🤖 AI Summary
This work addresses language-driven dexterous grasping by jointly reasoning about semantic intent, 3D geometry, and hand–object physical interaction—a capability lacking in existing approaches due to insufficient intermediate modeling of physical contact. The authors propose a contact-based embodied reasoning framework that uses contact points between hand links and object surfaces as an intermediate representation. This framework first autoregressively generates embodied contact tokens and then synthesizes high-dimensional grasp poses, effectively bridging linguistic intent with physical constraints. Integrating vision-language models, autoregressive generation, and multi-finger hand kinematics, the method enables controllable grasp synthesis. Evaluated on the DexGYS dataset, it achieves a success rate of 67.14%, outperforming the current state of the art by 3.83 percentage points, and improves intent alignment by 96.4%.
📝 Abstract
Language-driven dexterous grasp generation requires the models to understand task semantics, 3D geometry, and complex hand-object interactions. While vision-language models have been applied to this problem, existing approaches directly map observations to grasp parameters without intermediate reasoning about physical interactions. We present DextER, Dexterous Grasp Generation with Embodied Reasoning, which introduces contact-based embodied reasoning for multi-finger manipulation.

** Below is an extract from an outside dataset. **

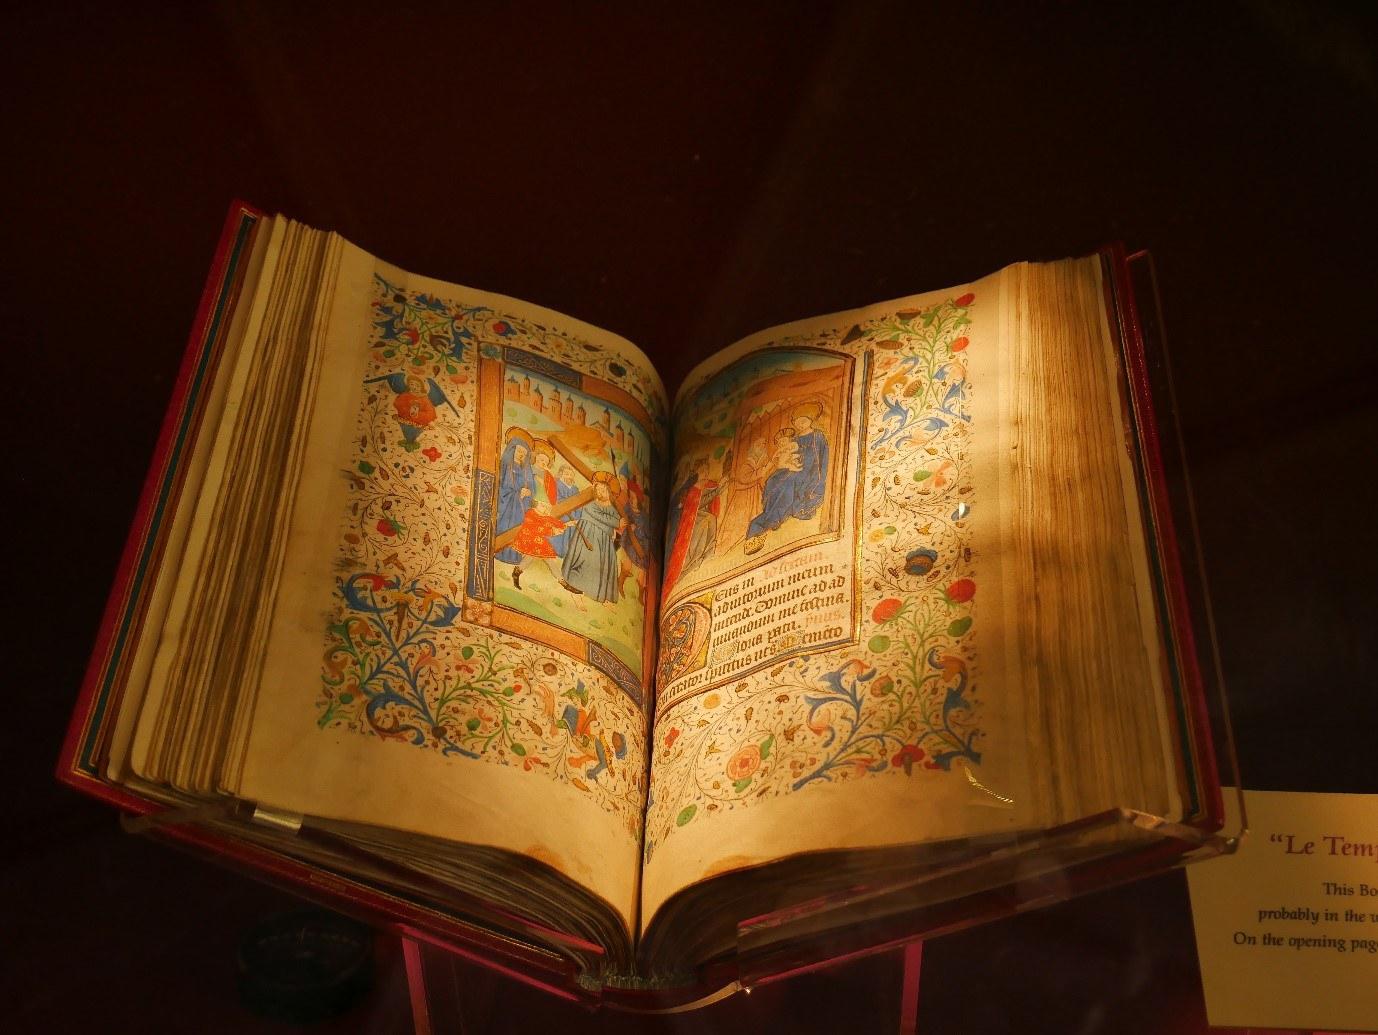 Anne Boleyn'S Book Of Hours © Tudor Times Ltd 2019
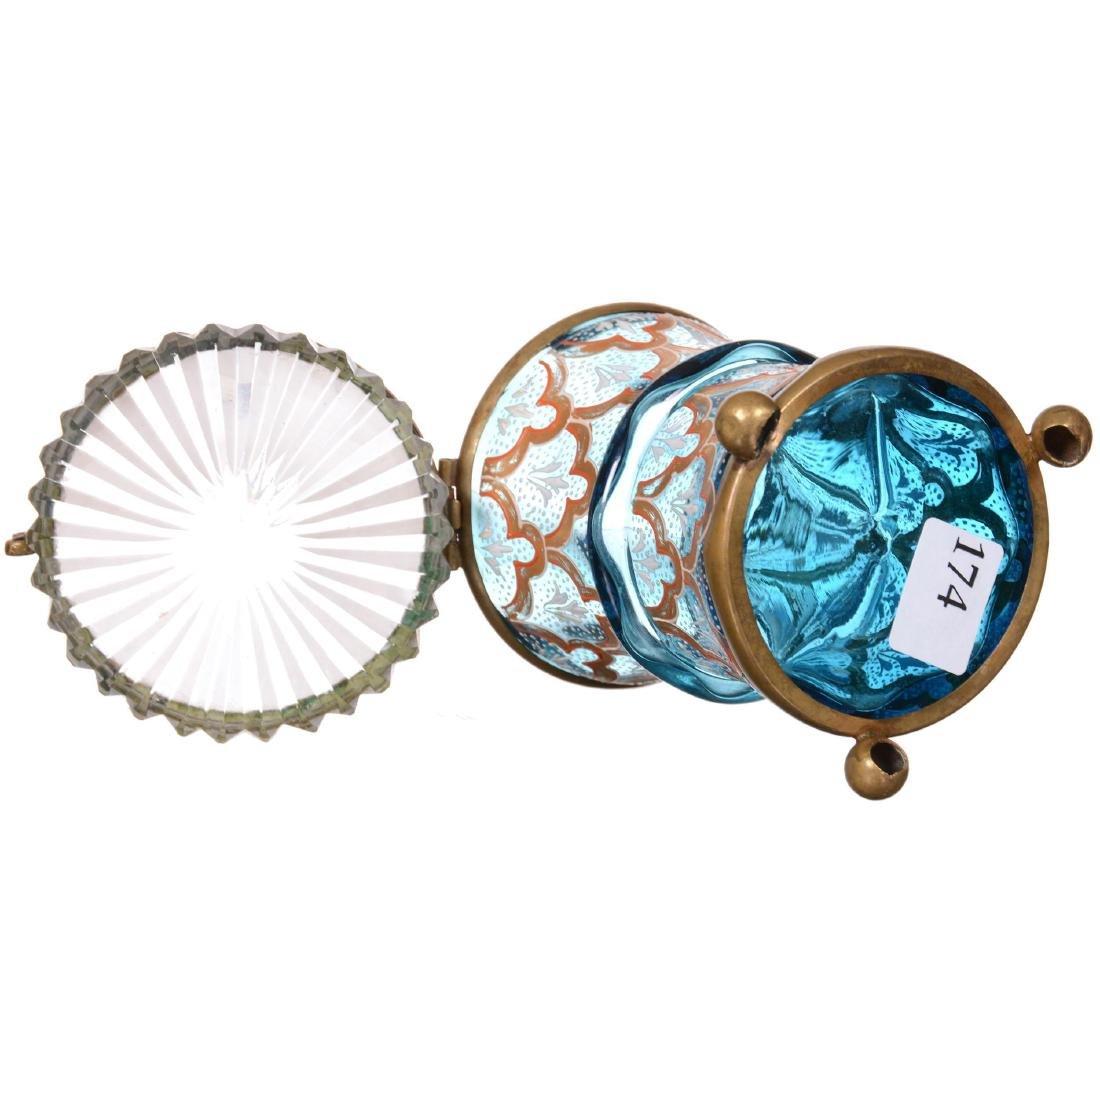 Art Glass Moser Style Jewel Box - 2

Our key insight is that predicting which hand links contact where on the object surface provides an embodiment-aware intermediate representation bridging task semantics with physical constraints. DextER autoregressively generates embodied contact tokens specifying which finger links contact where on the object surface, followed by grasp tokens encoding the hand configuration. On DexGYS, DextER achieves 67.14% success rate, outperforming state-of-the-art by 3.83%p with 96.4% improvement in intention alignment. We also demonstrate steerable generation through partial contact specification, providing fine-grained control over grasp synthesis.